The relationship between dietary patterns and GD has been extensively studied, with numerous reports highlighting the role of diet in the formation of gallstones [8, 9]. Recently, there has been growing attention on how specific dietary factors influence GD risk. As a preventable condition, GD is less common among individuals who maintain a healthy lifestyle. For example, maintaining a normal body weight and consuming unsaturated fats, fiber, vegetables, and fruits are known to have a protective effect against gallstones. In contrast, diets high in fast food, saturated fats, and refined sugars are associated with an increased risk of developing gallstones [8, 9].
Diet composition also plays a crucial role in influencing the body’s acid-base balance by providing acid or base precursors. Protein-rich diets, such as those containing meat, cheese, and eggs, tend to increase acid production, while the intake of vegetables and fruits has an alkalizing effect [23]. Dietary acid load (DAL), as measured by indices like potential renal acid load (PRAL) and net endogenous acid production (NEAP), is associated with metabolic acidosis, inflammation, and tissue damage [10,11,12,13]. PRAL reflects the acid or base production capacity of food, considering factors like sulfur-containing minerals (e.g., potassium, calcium, and magnesium) and protein metabolism [14]. Both PRAL and NEAP are considered reliable measures of DAL due to their correlation with 24-hour net uric acid excretion (NAE), and higher PRAL values are linked to a more acidic diet and lower urine pH [15].
Additionally, previous studies have shown that DAL is positively associated with an increased risk of various conditions, including non-alcoholic fatty liver disease, inflammation, insulin resistance, and type 2 diabetes—all of which are closely related to GD or considered risk factors for it [16,17,18,19]. However, limited research has been conducted on the relationship between DAL and the risk of GD. Given this knowledge gap, the present study was designed as a case-control investigation to test the hypothesis that higher dietary acidity is associated with an increased risk of gallstones.
Methods and materials
Study design
The present case-control study was performed on the new cases of GD (n = 189) and healthy controls (n = 342). The study protocol was approved by the Ethics Committee of the Research Institute of Gastroenterology and Liver Diseases, Shahid Beheshti University of Medical Sciences (IR.SBMU.RIGLD.REC.1396.159). Patients were recruited from the Research Institute of Gastrointestinal and Liver Diseases of Taleghani Hospital associated with Shahid Beheshti University of Medical Sciences in Tehran, Iran. Informed written consent was acquired from all participants.
Participants
Details of the selection of case and control subjects have been described elsewhere [20]. Briefly, the inclusion criteria for the study were: patients diagnosed with GD within the past month, aged 18 years or older, and willing to participate. The control group consisted of individuals without a history of GD, selected from patients referred to other departments of the hospital. Exclusion criteria included lactating or pregnant women, as well as individuals with a history of cancer, autoimmune diseases, inflammatory or infectious conditions, or other acute illnesses. The flowchart of study enrollment is displayed in Fig. 1.
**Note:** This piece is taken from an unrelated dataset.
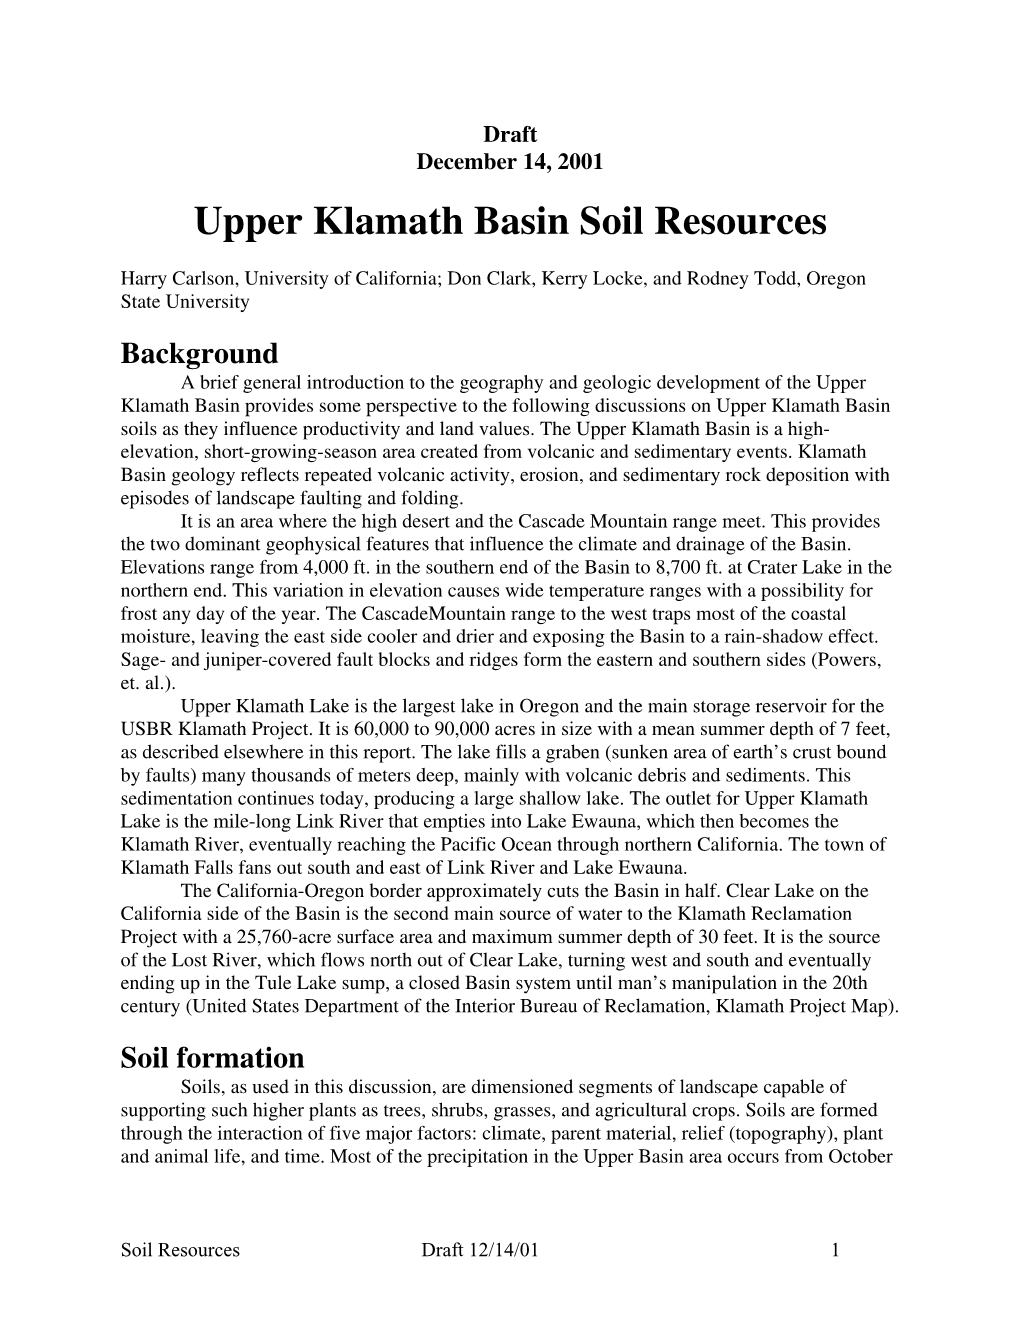 Upper Klamath Basin Soil Resources

Flow chart of study enrollment
Assuming that the minimum correlation coefficient between the two variables is 0.3 (r = 0.3), the difference of this correlation coefficient from zero is significant, if the probability is 95% and the power is 90%. On this basis and by considering the equation presented by Park et al. [21], a minimum sample size of 160 people was calculated for this study, and twice this number was considered for the control group. In order to anticipate attrition and to have greater accuracy and calculate the effect size, the present study was conducted on 531 sample populations.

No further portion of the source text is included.